Until all players get the benefits of transformative techniques from an early age, player performance will be subject to sudden spikes, all of which will surprise projection systems that aren’t privy to proprietary info. “The predictive nature of advanced analytics today is going to be thrown a curveball,” says Andy McKay. “This player-development technology is going to provide enough information that the players that are willing to go for it can make quantum leaps in their careers.”
One way for teams to minimize that uncertainty is to take an even more proactive role in player development, turning what began as a bottom-up movement into a top-down one.
In the off-season, Alex Hassan notes, players have historically had little contact with their teams. “A lot of the off-season is like, ‘Hey, go get ’em, we’ll see you next year.’” That’s about to change. Teams are hiring many of the former independent instructors at the leading edge of development. New ideas and new voices are invading dugouts; as Eno Sarris, a writer at The Athletic, observed, the average tenure of a major-league hitting coach in December 2018 was only 1.4 years, the lowest fig
ure in at least a decade.
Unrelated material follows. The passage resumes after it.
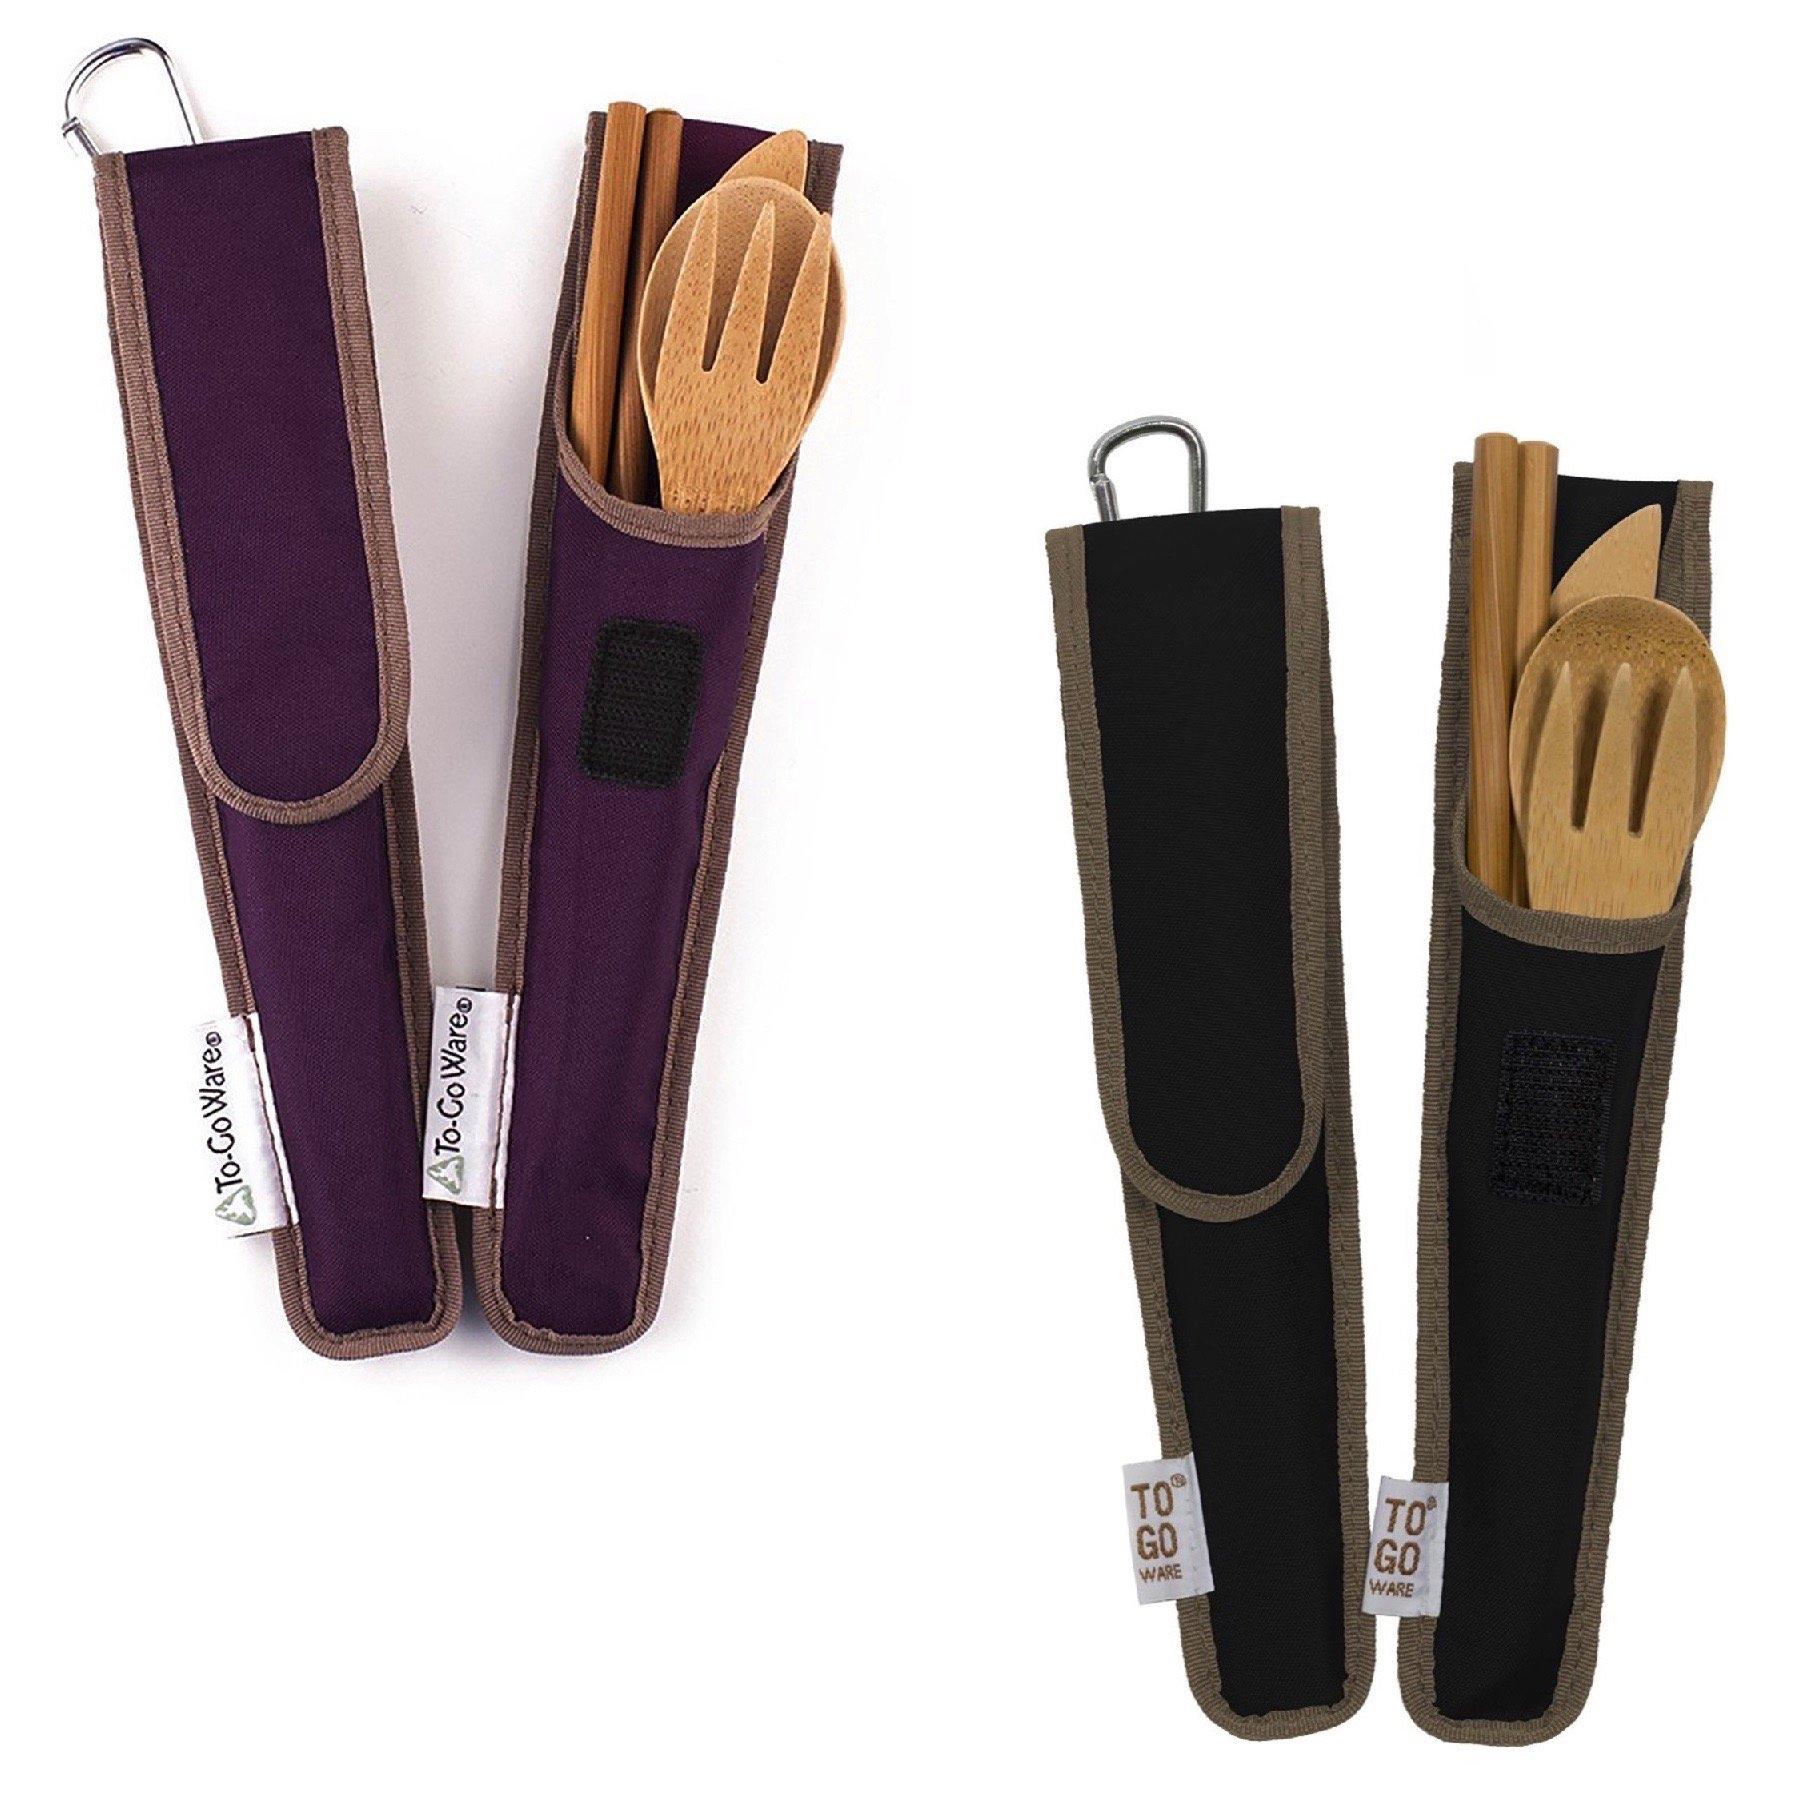 ChicoBag ToGoWare RePEaT Bamboo Utensil Set Hijiki Black+ Mulberry Purple Travel

Only five hitting coaches at the start of 2019 had been with their respective teams for more than three years.
“I definitely don’t fault guys for going and seeking outside help wherever they can get it,” Dave Bush says, adding, “I look at it like if you’re sick and you’re going to see a specialist, you’re not always going to go to your regular doctor because you know there’s someone else out there that may know a little bit more about a particular topic.” If that specialist could be inside, though, that would be even better from the team’s perspective, leading to lower risk of a player seeing someone who isn’t qualified, less potential for conflict between internal and external coaches, and tighter integration with the team’s analytical resources.
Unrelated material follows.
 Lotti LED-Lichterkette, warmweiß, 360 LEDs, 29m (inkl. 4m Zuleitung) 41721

In the past, teams were often so hesitant to tamper with players that they would wait until they failed, reducing the perceived risk of screwing them up. By not helping them, though, they were already hurting them—and indirectly driving them to people like Latta and Boddy. Now, Bannister says, “We’re trying to give them the personalized, Driveline-type experience.… They don’t have to go see a guru in the off-season in order to get that type of exposure to better player-development information.” Teams that develop a reputation for providing players with the proper support may make themselves more appealing landing spots for free agents in need of career rejuvenations. Over the 2018–2019 offseason, MLB teams hired eight former Driveline employees, including Ochart and Daniels.
Bannister expects more players to take a cue from PGA pros (and Bauer) and purchase their own sensors, trackers, and cameras to continue their training year-round. Although that could lead to more mastery and greater technological literacy, it may also exacerbate another growing problem with the sport. At the lower levels, baseball is becoming a more expensive undertaking and potentially a more discriminatory one.